Sunday, August 28

Body: Poor sleep once again thanks to overeating at supper, but slightly better than yesterday. Again accomplished nothing; drove home after workshop and had too many chores and was too mentally shot to try doing anything.

Brain: Logged more studying as soon as I got up. Workshop felt like more of a joke today, time spent going through machines more than free-weights, learning assessments many places don't do, going over equations for the millionth time, UGH. Was weird for me to see all of the machines after the squat-rack life for so long (we were in a brand new Y); I guess they are meant to prevent people from hurting themselves if they don't know what they're doing but honestly it seems like it keeps those people weak and still lets them hurt themselves. Wouldn't it be better to just offer some education?
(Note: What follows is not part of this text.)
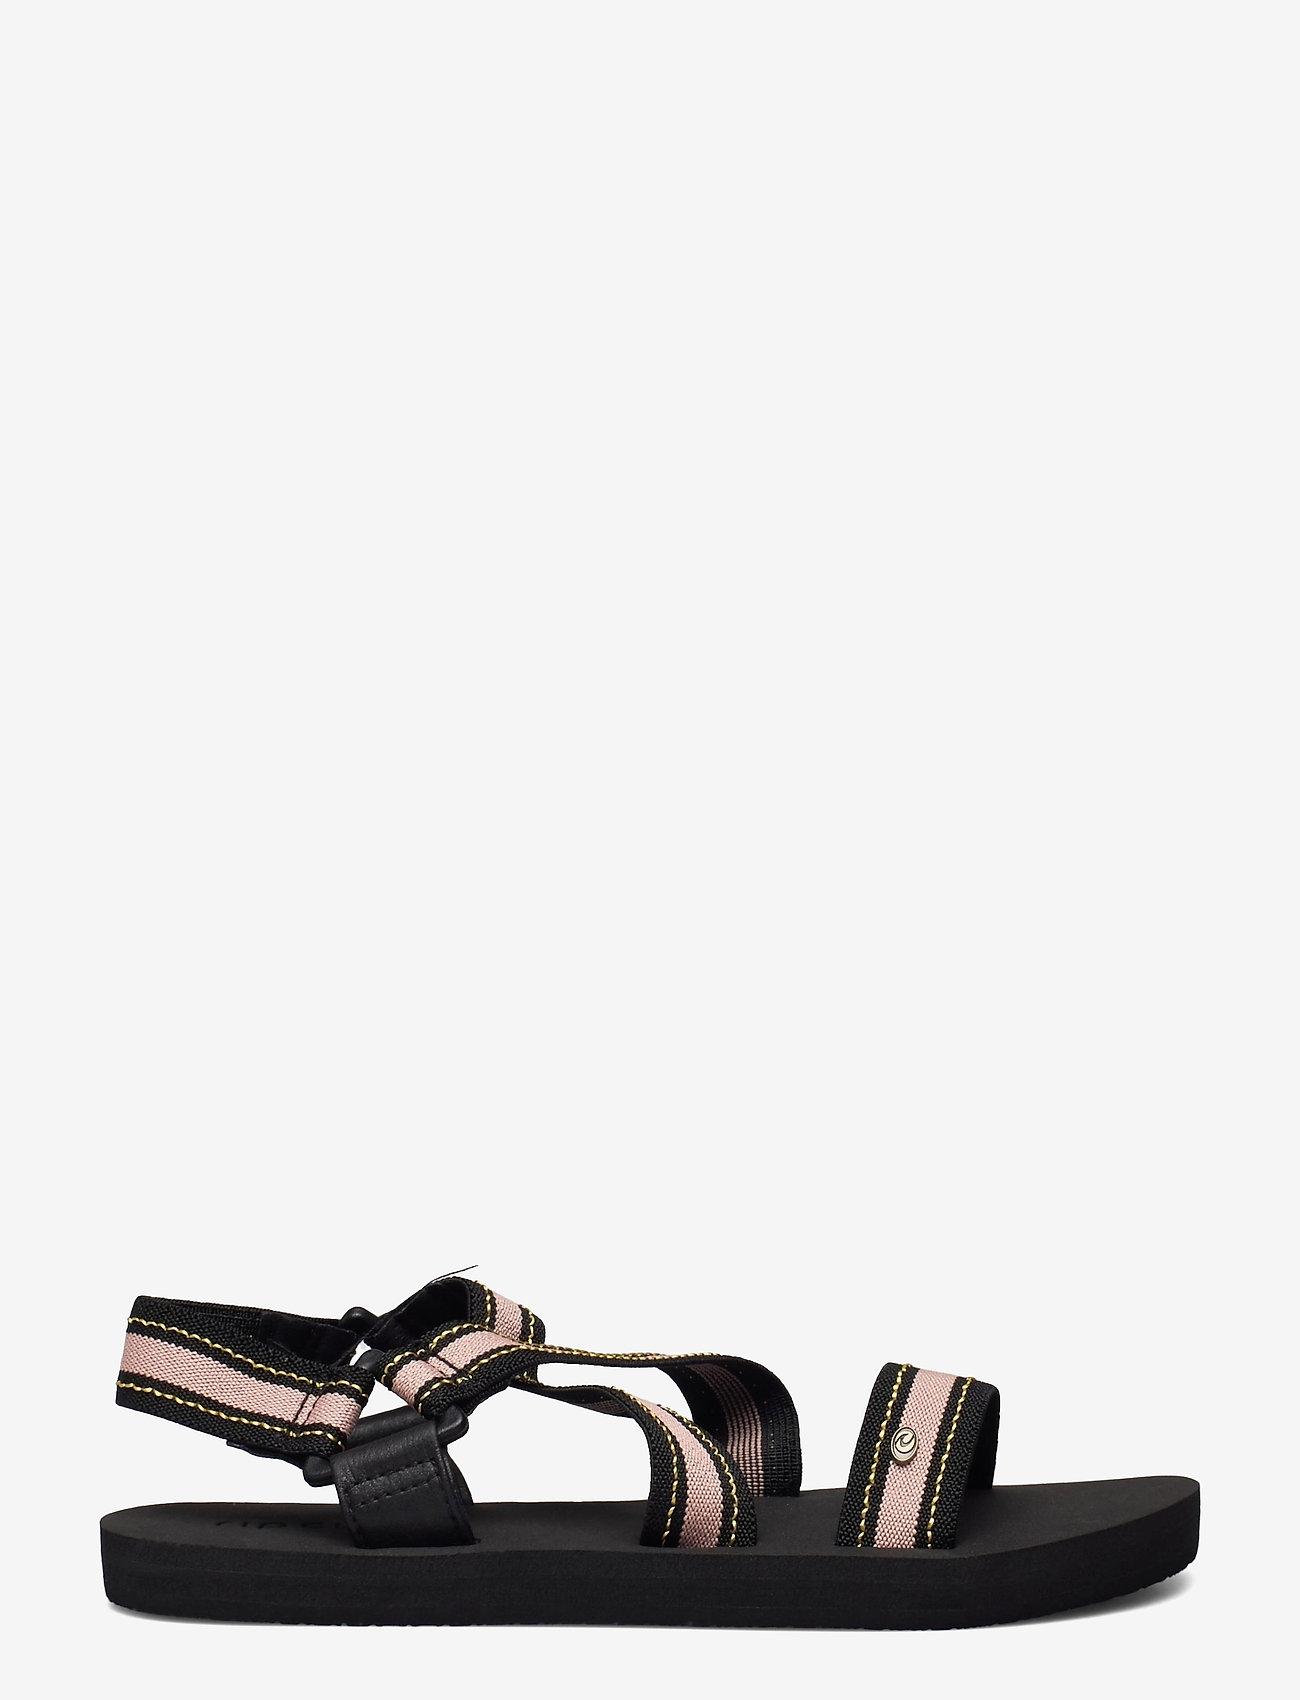 Rip Curl - P-LOW PISMO - hiking sandals - black/tan - 1

And cheaper, when you factor in the cost of all those machines?! One of the women in class with me (college kid) was a former monster powerlifter (345 squat, 185 bench, 485 deadlift, like holy fucking shit let her injuries heal so she can get back to it!) so I wished I had been more chatty yesterday when I saw her lifter's legs and just KNEW she was a badass. But oh well. The test felt like a breeze; a few things I was uncertain, but most of it felt like DUH, confident it was probably a 90% score, and we only need 70%. Won't know for up to 4 weeks, though. And now instead of test anxiety, I have this new feeling of "Holy shit, that was just the beginning, the hard part hasn't even started!" Headed home with one stop at UA in Albertville and that was WAY TOO MANY PEOPLE for me, so that was it. At home: chores, hubs time, and gratitude that a 3-day weekend is coming since this one was 0 days.